Renate Boml, 45, said she got up at dawn to catch a train from her village to attend the mass.
"The pope has pleasantly surprised me with his personal warmth and his intelligence," she said.
"We are happy to be here for this celebration of our beliefs."
The pontiff was driven to the mass in a pope-mobile under clear blue skies.
Later on Sunday he celebrated vespers in Munich Cathedral, a familiar location for the former Cardinal Joseph Ratzinger who was archbishop of the city from 1977 to 1982.
He said spirituality and Catholicism should have a higher priority in education, and called on parents to "help your children to believe".
He will also hold mass in the town of Alltoeting on Monday and in the city of Regensburg on Tuesday.
This visit bears the personal stamp of the pope, who said on his arrival that his heart "beats with a Bavarian rhythm".
House daubed
On Monday, he will visit the house in the small town of Marktl-am-Inn where he was born on April 16, 1927.
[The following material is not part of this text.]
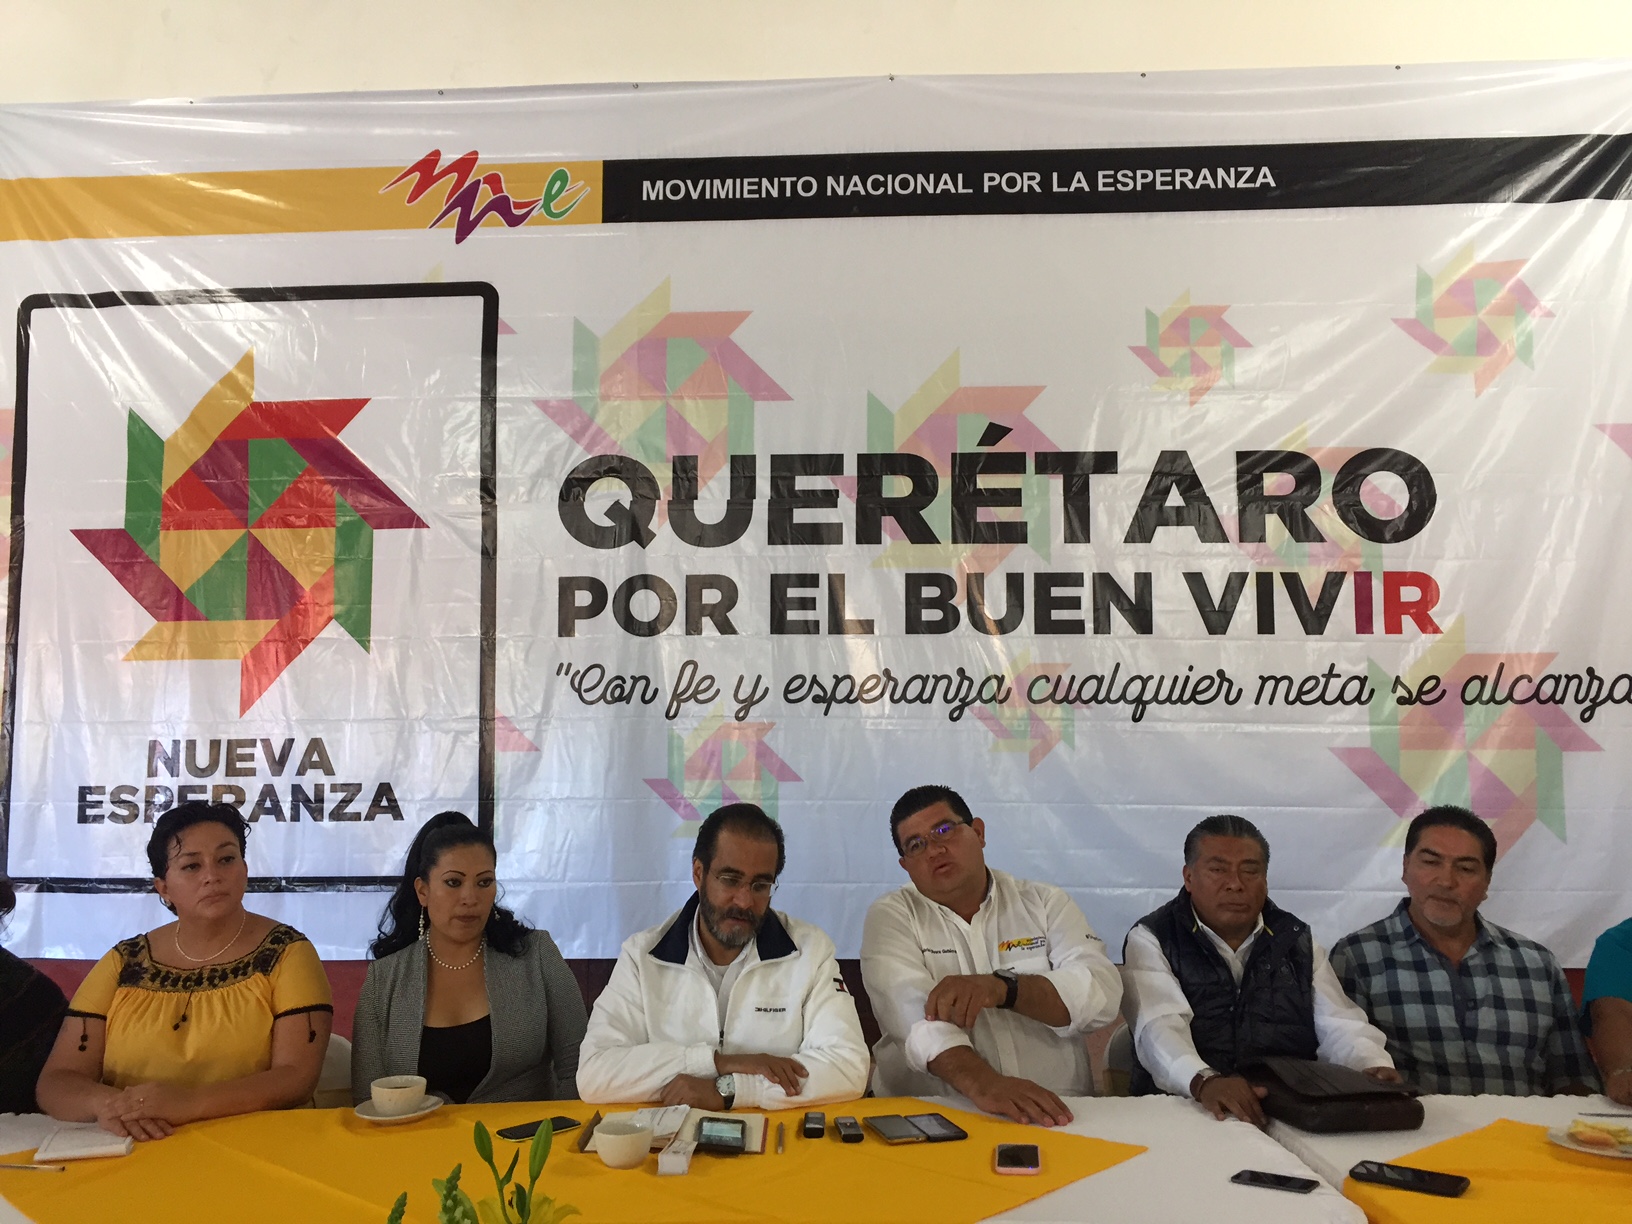  “Izquierda enfrenta reto de unidad para 2018”: Bejarano

The yellow and white-painted exterior of the house was being hastily cleaned after blue paint was thrown at it early on Sunday.
Police said they believed it was the work of vandals and not a protest.
The pope will spend Wednesday with his brother, Monsignor Georg Ratzinger, in Regensburg and together they will visit the graves of their mother, father and sister.
Pope Benedict is making his fourth foreign trip since becoming pope in April last year and the second to Germany in that time.
He is due to visit Turkey in November and Brazil next year.
Security for the German trip is tight in the wake of the attempted bombings of two passenger trains in two western cities in July. Around 5,000 police are on duty.